The root problem is that the code imported from xine does not handle multi-byte encodings. The 'cleanest' route would be to ensure it does.
Instead I've taken the approach of probing the subtitle file for a UTF encoding, using it if detected and otherwise falling back to the encoding setting. The file is then loaded in full and converted to unicode, converted back to utf-8 for parsing and finally converted back to unicode for presentation. Not pretty but I couldn't see another way of doing it without touching the actual parsing code.
The only problem is that it doesn't seem to handle files converted to utf using iconv. Material converted inside QtCreator (i.e. probably using Qt code) seems to work fine.
by , 14 years ago
Attachment: | Chalet Girl (2011) BluRay.edited.srt added |
---|
comment:6 by , 14 years ago
Status: | assigned → infoneeded |
---|
Does the patch attached by Mark fix the issue?
comment:7 by , 14 years ago
I do not compile myth from source, so I cannot test any time soon... Would need a few hours to relearn the process because it has been a long time and spare time has been lacking lately. I will test when I can, but would appreciate it if other testers could give its try in case I don't get to it soon.
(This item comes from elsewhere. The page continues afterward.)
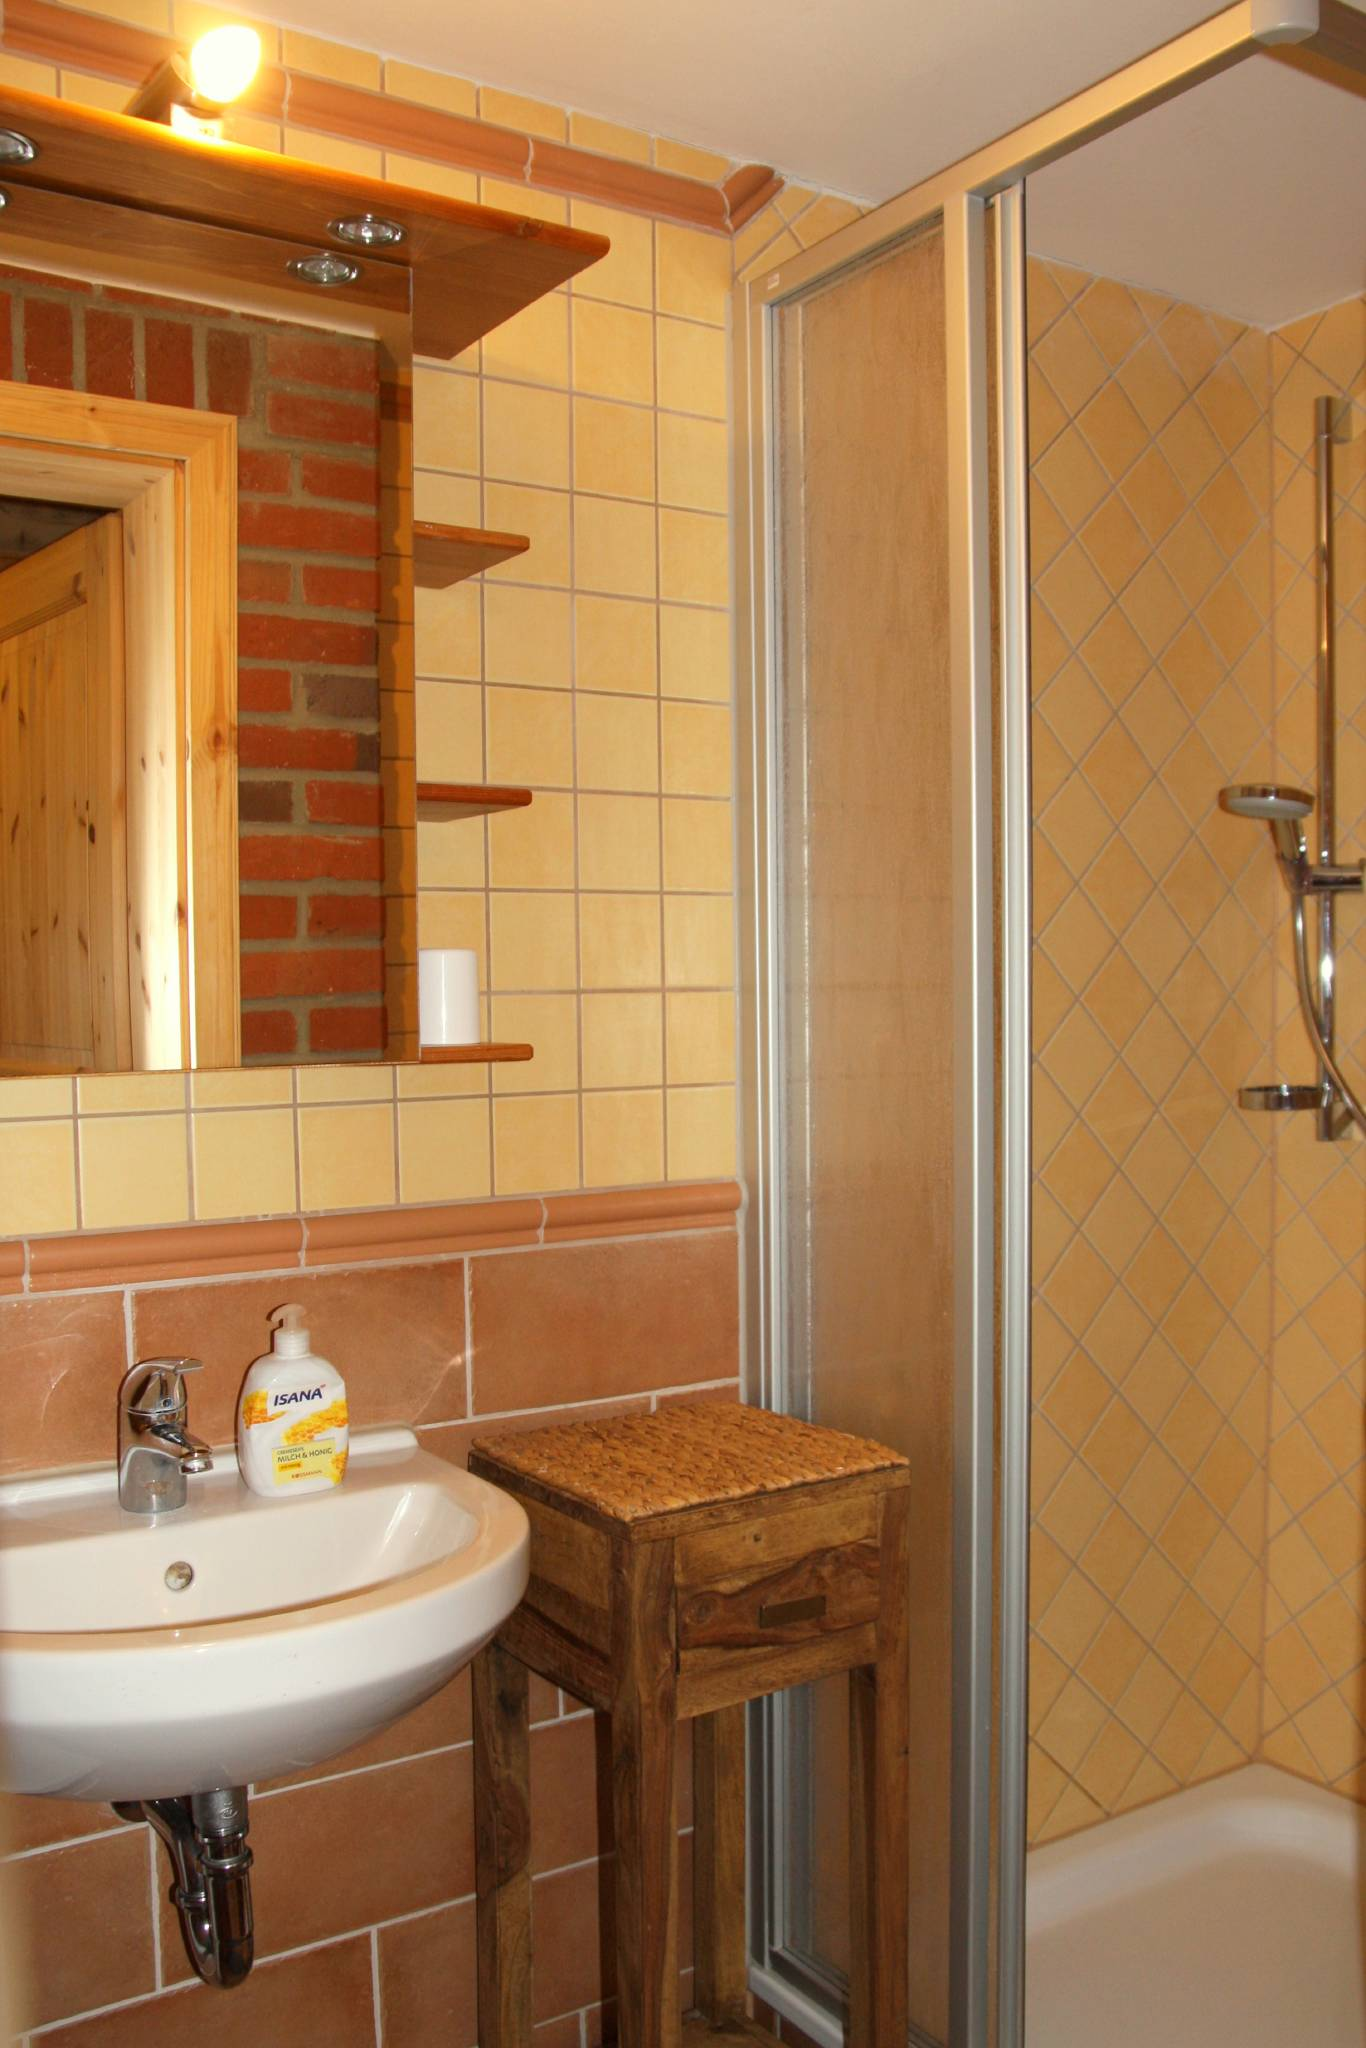 PROVENCE - Bad mit Fenster/Dusche/WC

comment:9 by , 12 years ago
I can confirm that it is still an issue with 0.26-fixes mythbuntu nightly build from today.
I have not been able to test the patch submitted by markk.
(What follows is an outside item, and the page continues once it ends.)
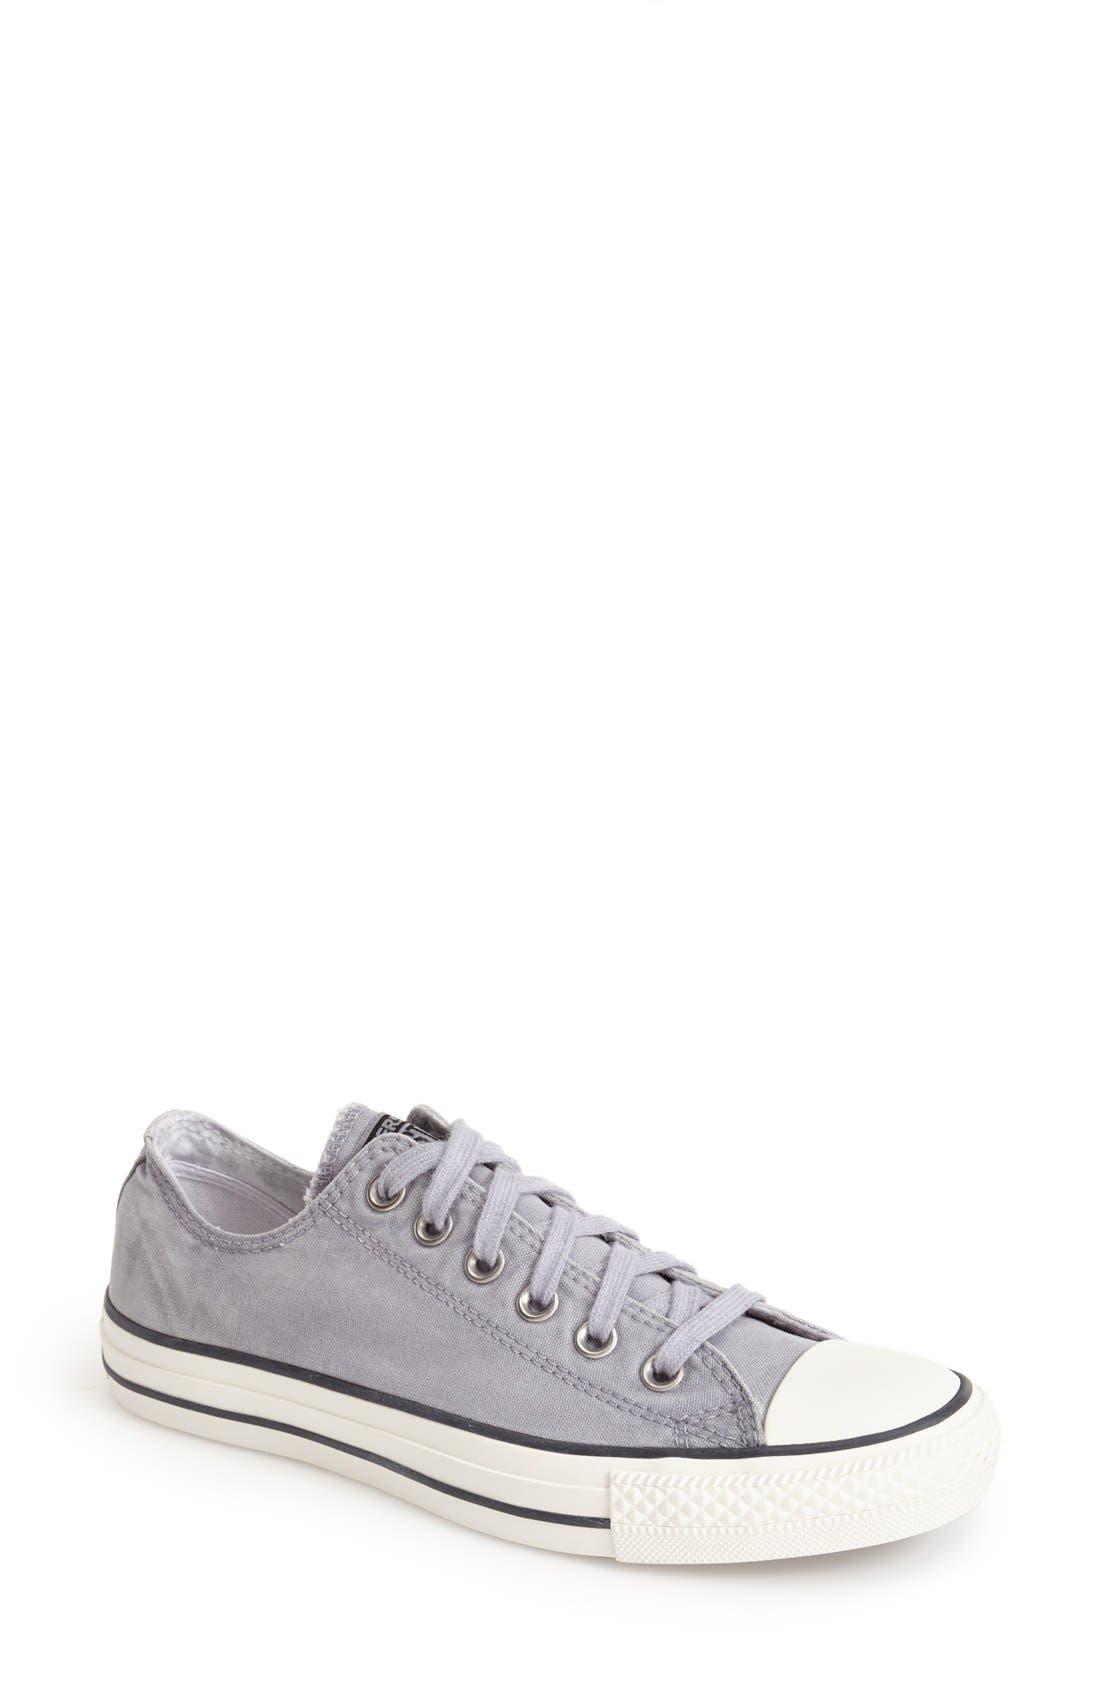 Main Image - Converse Chuck Taylor® All Star® 'White Wash Ox' Sneaker (Women)

comment:10 by , 12 years ago
I run master and I'm willing to test the patch, however most of it fails to apply (I guess because I... run master):
checking file mythtv/libs/libmythtv/textsubtitleparser.cpp Hunk #1 succeeded at 19 with fuzz 2 (offset 2 lines). Hunk #2 FAILED at 119. Hunk #3 FAILED at 163. 2 out of 3 hunks FAILED checking file mythtv/libs/libmythtv/xine_demux_sputext.cpp Hunk #2 FAILED at 96. Hunk #3 FAILED at 1108. Hunk #4 FAILED at 1123. Hunk #5 succeeded at 1151 (offset 2 lines). 3 out of 5 hunks FAILED checking file mythtv/libs/libmythtv/xine_demux_sputext.h Hunk #1 FAILED at 21. 1 out of 1 hunk FAILED MythTV Version : v0.27-pre2-2004-g30d7cc4-dirty MythTV Branch : master Network Protocol : 77 Library API : 0.27.20130719-1 QT Version : 4.8.4 Options compiled in: linux profile use_hidesyms using_alsa using_oss using_pulse using_pulseoutput using_backend using_bindings_perl using_bindings_python using_bindings_php using_dvb using_frontend using_ceton using_hdpvr using_libcrypto using_libfftw3 using_libxml2 using_libudf using_lirc using_mheg using_opengl using_opengl_video using_qtwebkit using_qtscript using_qtdbus using_taglib using_v4l2 using_x11 using_xrandr using_xv using_profiletype using_bindings_perl using_bindings_python using_bindings_php using_mythtranscode using_opengl using_vdpau using_ffmpeg_threads using_mheg using_libass using_libxml2 using_libudf
If someone can provide a patch against master, I can test it.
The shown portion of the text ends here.